# Interesting contrast in dog performance.



## buckeyebowman (Feb 24, 2012)

The last time my buddy and I got out to hunt pheasant I saw something interesting. Legal shooting time in PA is 1/2 Hr. before sunrise, and some guys push it a bit. We showed up at the place we intended to hunt with 3 pickups already parked there. 

We started to saddle up, and the next thing we know a gang of English Setters show up and are acting all birdy! I have my buddy's GSP on a lead while he gets ready, and she is pulling like crazy wanting to go! 

Next thing a bunch of hunters show up, including the guys who owns the Setters, and one guy asks us if we saw a bird on the road, as he shot one and it looked like it went down near there. Nope. Didn't see a bird on the road. 

So,they packed up and left and we turned the dog loose and headed in. Abby, the GSP, kept messing around in the thickets just off the road. My buddy tried to call her out, to no avail. We have learned to just wait in these instances. Next thing we know, Abby comes bouncing out of the thicket with a nearly dead pheasant in her mouth! It had to be the one the guy shot.

I'm not trying to start a controversy here, but why didn't the English Setters find that bird? I'll admit that Abby is particularly skilled at long retrieves and finding dead or nearly dead birds. Why don't the Setters, at least this particular bunch, seem to be?


----------



## Cvk01 (Nov 10, 2017)

Every dog has its day..


----------



## buckeyebowman (Feb 24, 2012)

But, that's kind of what I was referring to. Abby seems to have more of those days than other dogs. As does her younger Sister. 

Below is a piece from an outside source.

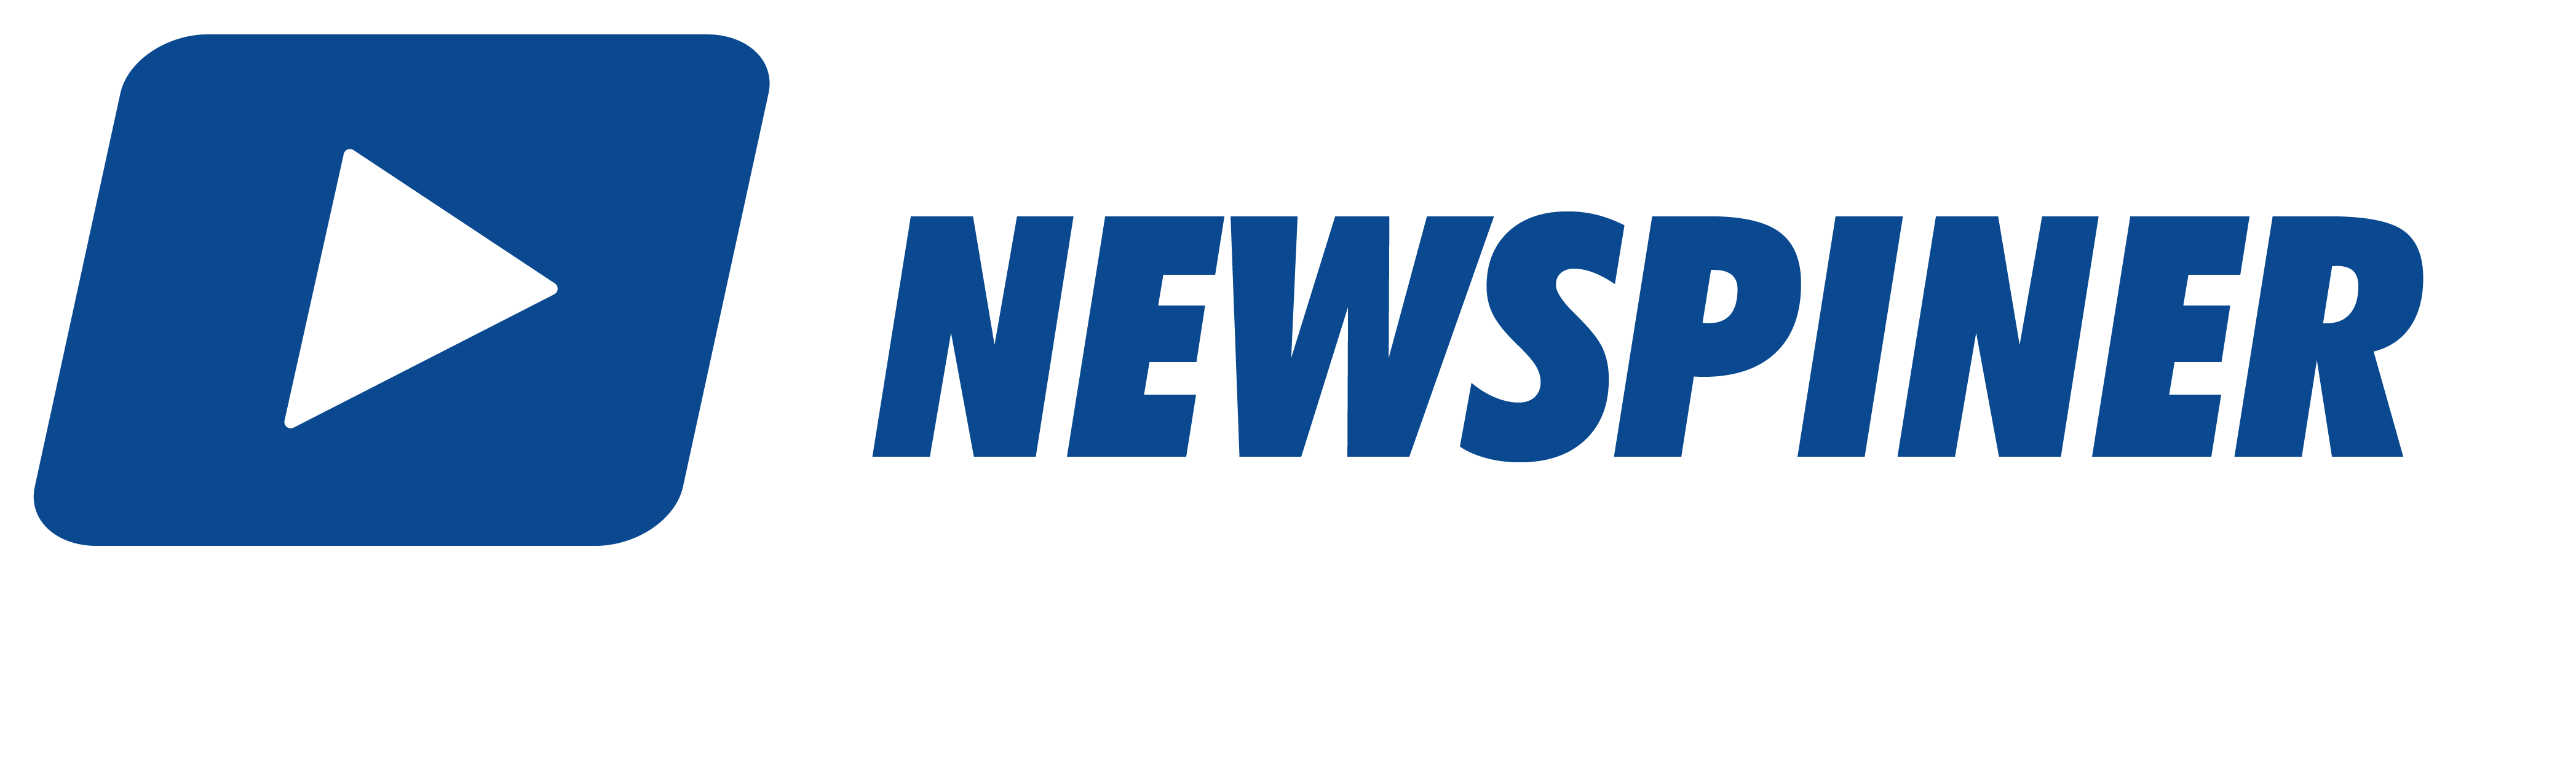 Newspiner logo

We'll hunt ground that guys with dogs have just left, telling us they didn't find any birds! Next thing we know, my buddy's dogs are pointing and flushing birds left and right!

I guess it comes down to bloodlines.


----------



## bobk (Apr 30, 2004)

Because German shorthair pointers named Abbie are the best.


----------



## buckeyebowman (Feb 24, 2012)

Your Abbie seems to be a bit older than our Abby! Nevertheless, they sure can hunt! She seems to have a desire to find game that can actually work against her health! I've seen her come out of thickets literally ripped to shreds, and bleeding like crazy, and she'll resist us putting her in her kennel!


----------



## bobk (Apr 30, 2004)

She's 14 and quite slow now. I've had 2 gsp's and they are some top notch hunters. Yes, they can hunt themselves into some real pain.


----------



## buckeyebowman (Feb 24, 2012)

True that! Abby is 7 or 8 now. A couple of years ago we had some weird weather around here. It would snow, warm up just enough to start melting the top, then it would freeze solid, and then snow again! It did this over and over so that there were 3 or 4 layers of ice and snow on the ground. 

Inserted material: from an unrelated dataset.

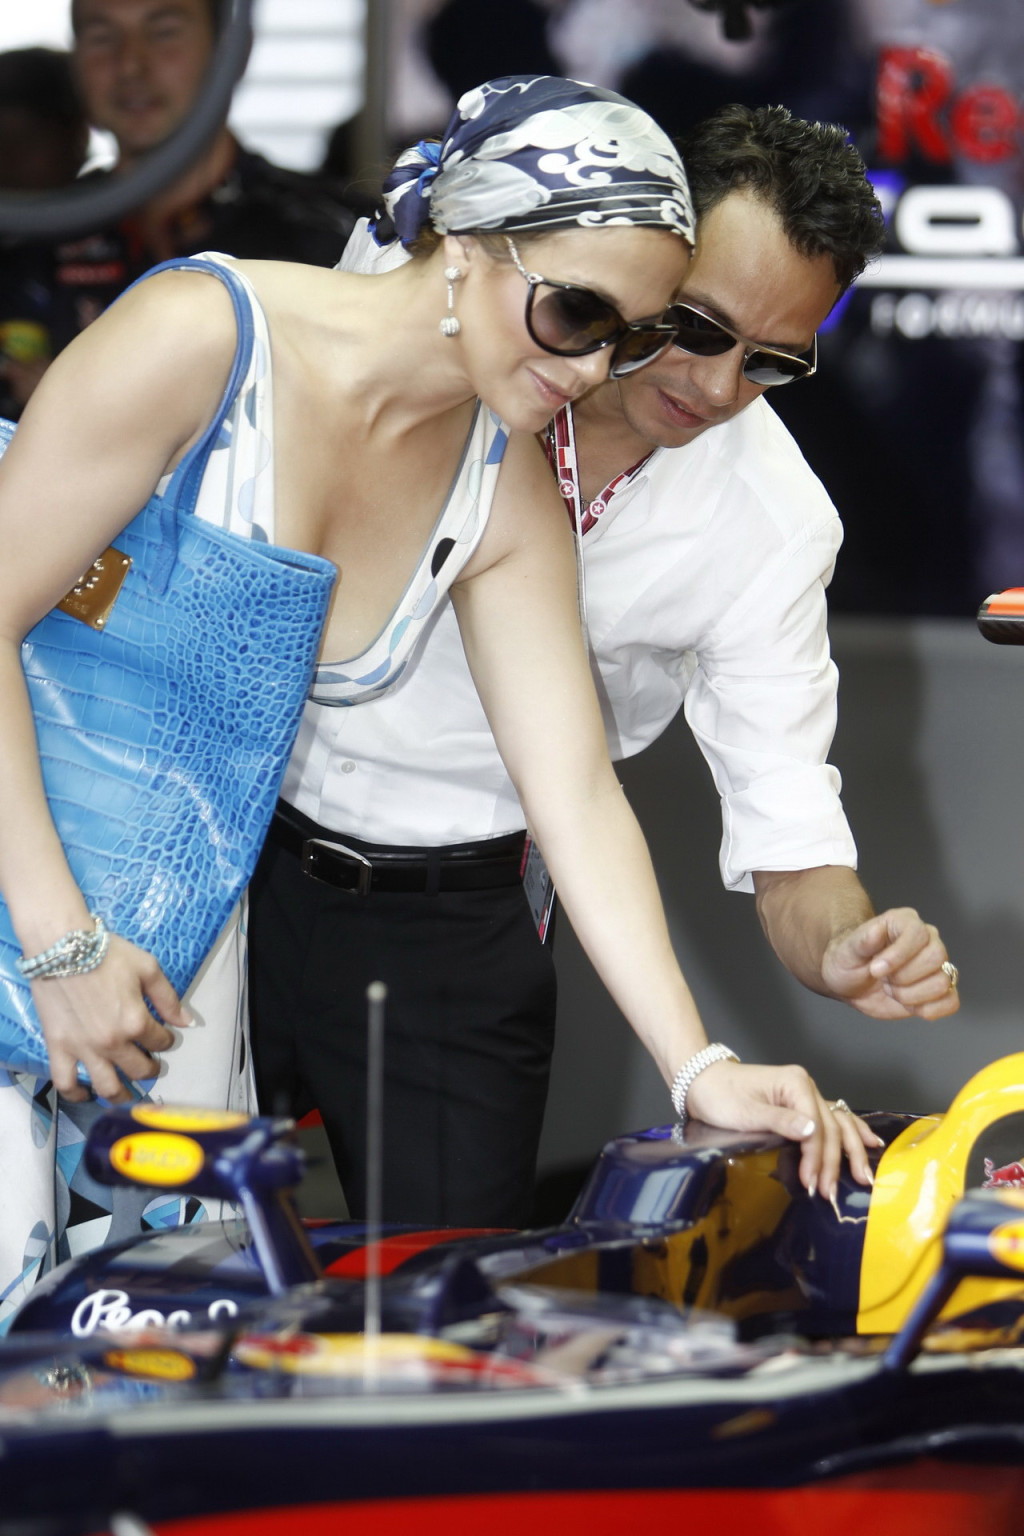 Jennifer Lopez braless showing nice cleavage in Monaco at Formula 1 GP #75349229

Abby just got chewed to pieces that day! We met up with a friend who's Grandson's Abby was supposed to hunt for that day. My buddy was going to try to get them some birds, they don't have a dog. 

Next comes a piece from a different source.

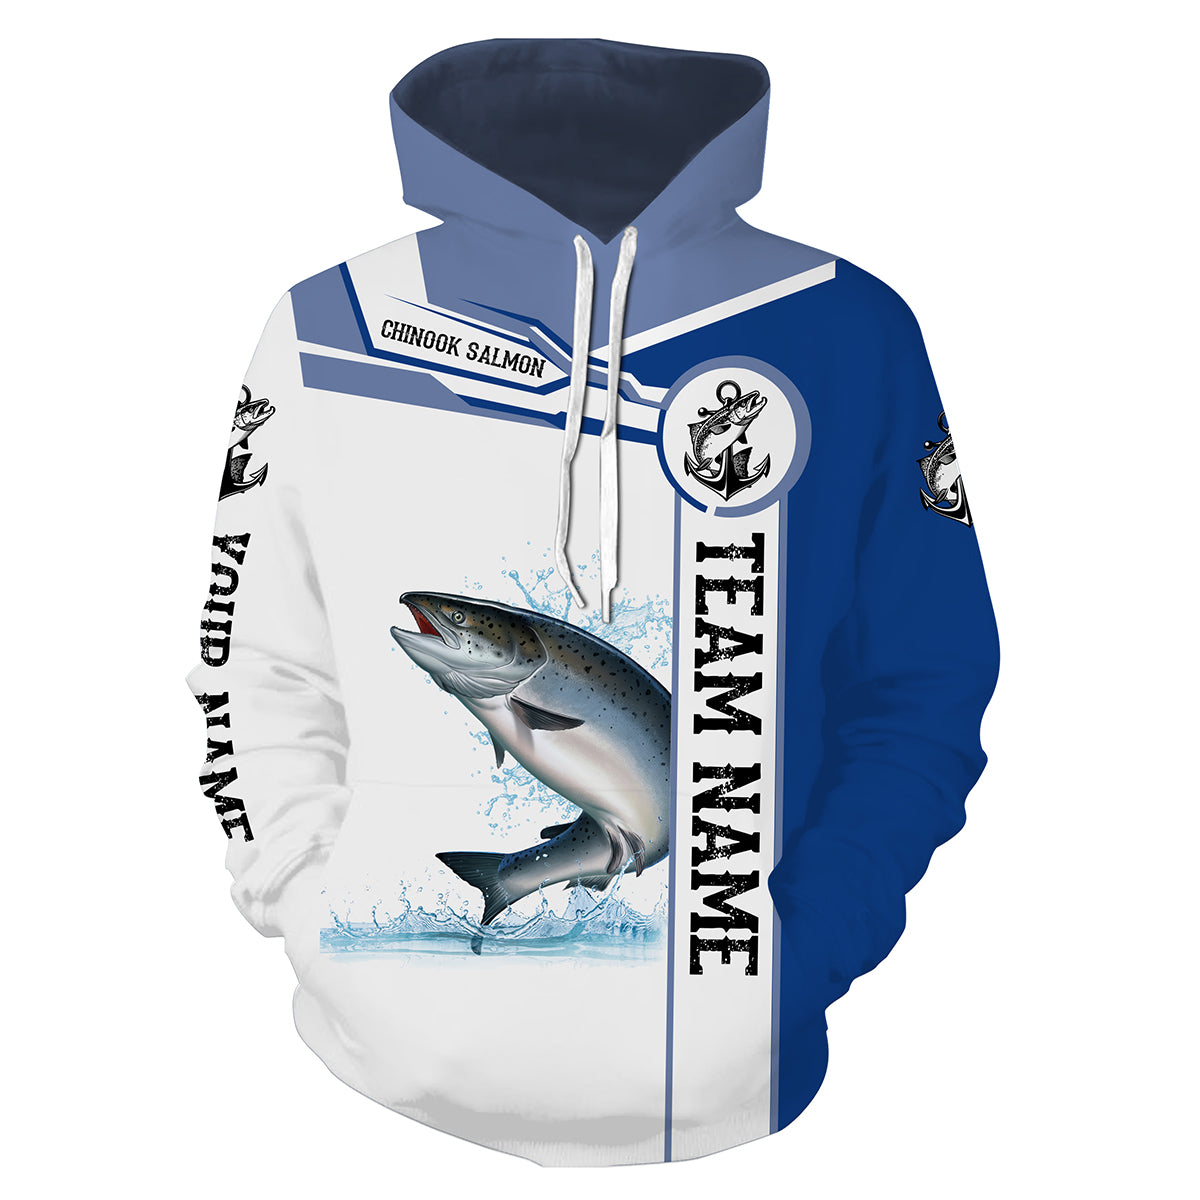 Chinook salmon fishing tournament Blue shirts Customize name and team
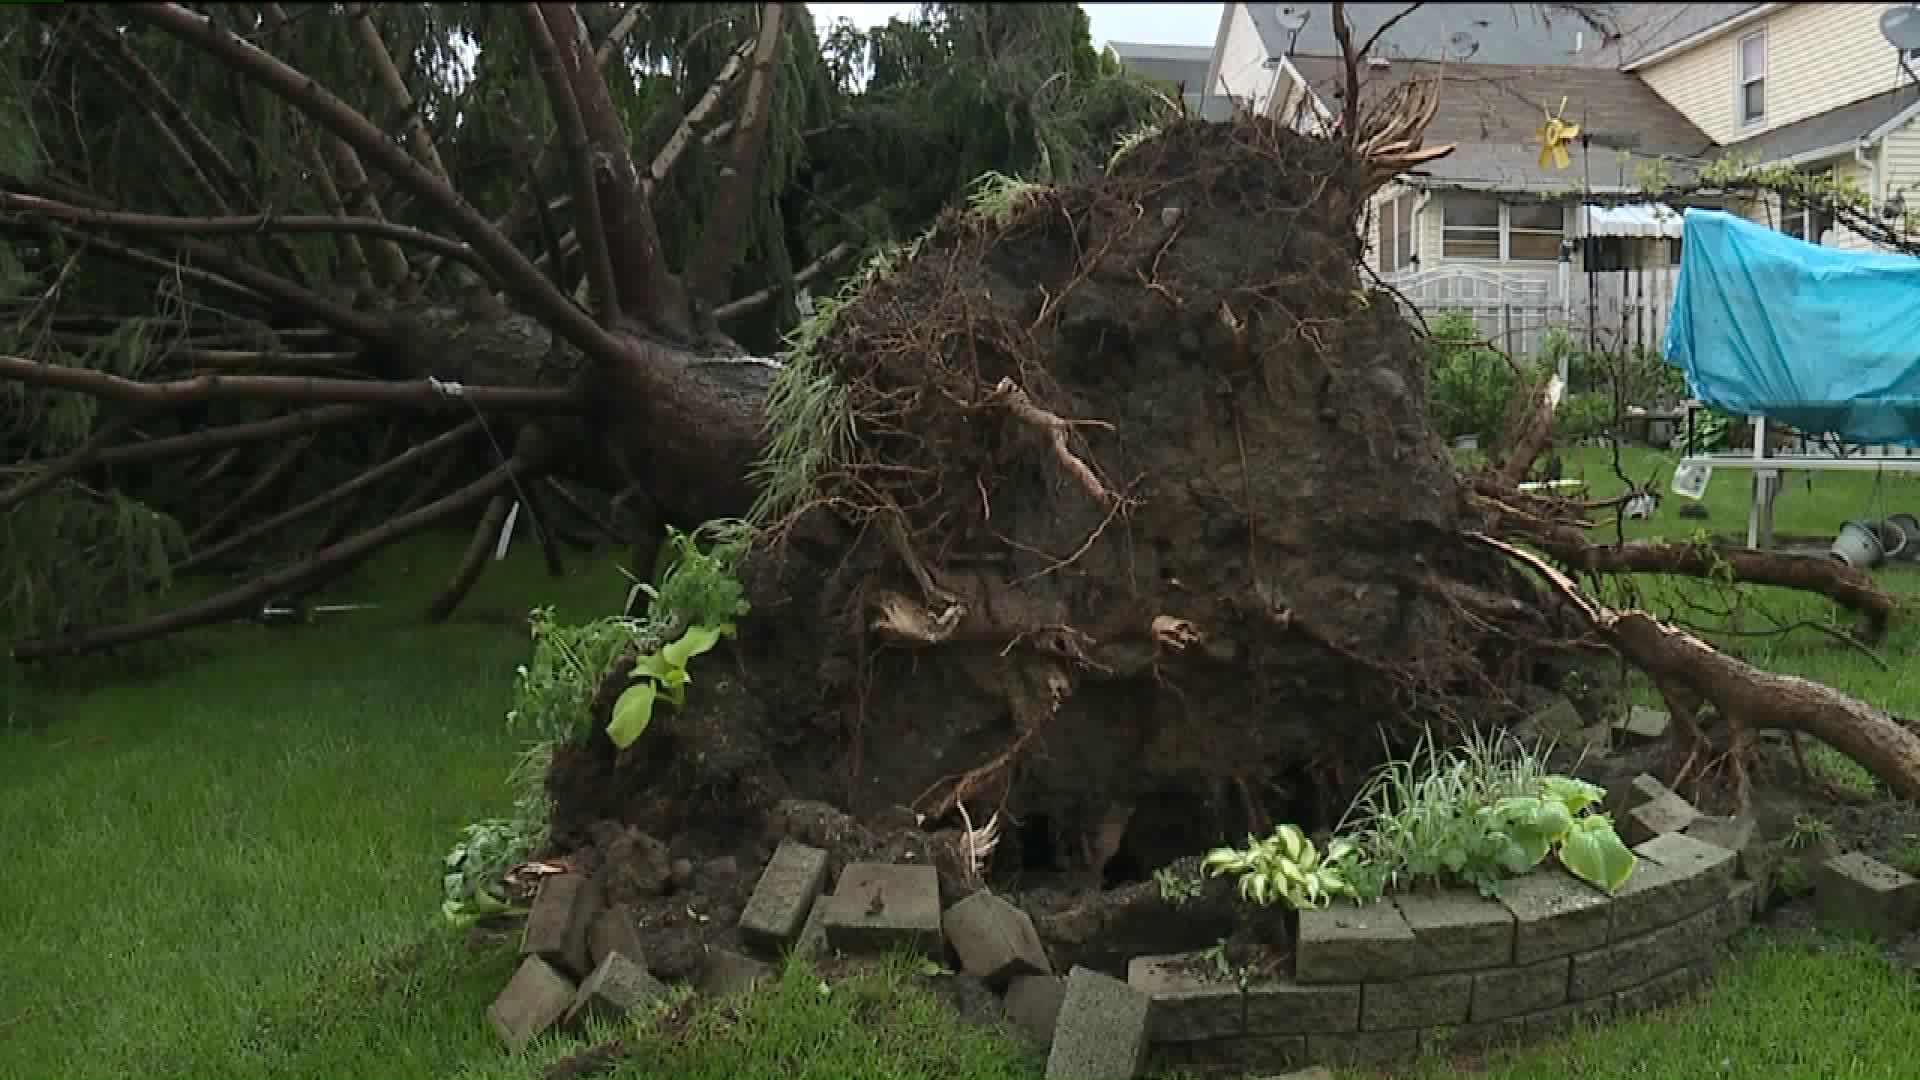 Luzerne County Neighborhood Heavily Damaged by Storm

When she came out of the last thicket head to tail blood, my buddy told them that he was sorry, but he had to take his dog home and doctor it. It's pads were cut up, as was every place on the dog! 

Abby has only one speed, full tilt! We've been hoping that she would slow down as she got older. Hasn't happened yet!


----------



## NotoriousVIC (Oct 12, 2014)

Setters are not known for their retrieving skills.


----------



## buckeyebowman (Feb 24, 2012)

NotoriousVIC said:


> Setters are not known for their retrieving skills.


Interesting. Never knew that before. These are good looking dogs from reliable blood lines. There were 4 of them, and none of them found that shot bird! And believe me, on our club retrieving skills are a must. 

To be honest, I don't why this should surprise me. I've seen Abby make so many mind boggling retrieves over the years!


----------



## Trucked (Apr 6, 2004)

Cvk01 said:


> Every dog has its day..


Cute!!


----------



## ckfowler (Jul 14, 2008)

My Setters have always been good retrievers. Perhaps those were not or maybe coming outbt you and vehicles threw them off and they thought they were done. Lots of things affect ability to find cripples though GSPs are sometimes more likely to track foot scent than another dog focused more on body scent cones.


----------



## buckeyebowman (Feb 24, 2012)

Interesting! The way those Setters acted, they were obviously birdie! They knew there was a bird in there somewhere. And Abby, the GSP, was yanking my arm out of the socket wanting to get out there! 

Another time, a hunter near us shot a bird put up by one of my buddy's dogs. He thought he dropped it clean, but when he went to pick up the bird (he did not have a dog) it was not there. 

We brought Abby in there and she picked up the track. Soon we heard the singular "cack" that comes from a downed and running pheasant. A little while later we heard another "cack"! I told the guy that Abby would be back with his bird in about 5 minutes, and sure enough she was! 

He offered us the bird, but we told him to take it home and enjoy the meal.


----------



## buckeyebowman (Feb 24, 2012)

Just got another report from my buddy about taking Abby out to the club. The day he went out the place was chock full. Included in the gang were quite a few guys with totally untrained dogs! 

My buddy ran into a couple of them with a big, fat black Lab and some yellow colored dog of a breed he could not identify! Those dogs didn't listen worth a damn, and my buddy pulled his dog out of there to go somewhere else! And his dog was pissed! She wanted to hunt that area. 

He went to another place and came upon the SIL of a guy we both know who run Setters. He does also, and they are great looking dogs. But, he was coming out empty handed. My buddy heads in and in 5 minutes it's "took, took, took, took" WHAM! One bird down! Ten minutes later, WHAM!, there's his limit! 

He walked out to find the SIL still there! He didn't have his dogs crated up before he heard the first shot! He asked how his dog found those birds. My buddy said nice things about how the birds might have been moving toward the edges to get some sun, etc. He did not say the obvious, that the guy's dogs couldn't hunt worth a crap! 

There's a difference in taking your dogs out for a run, and taking them out to hunt! The dogs need to have a clue.


----------



## Cvk01 (Nov 10, 2017)




----------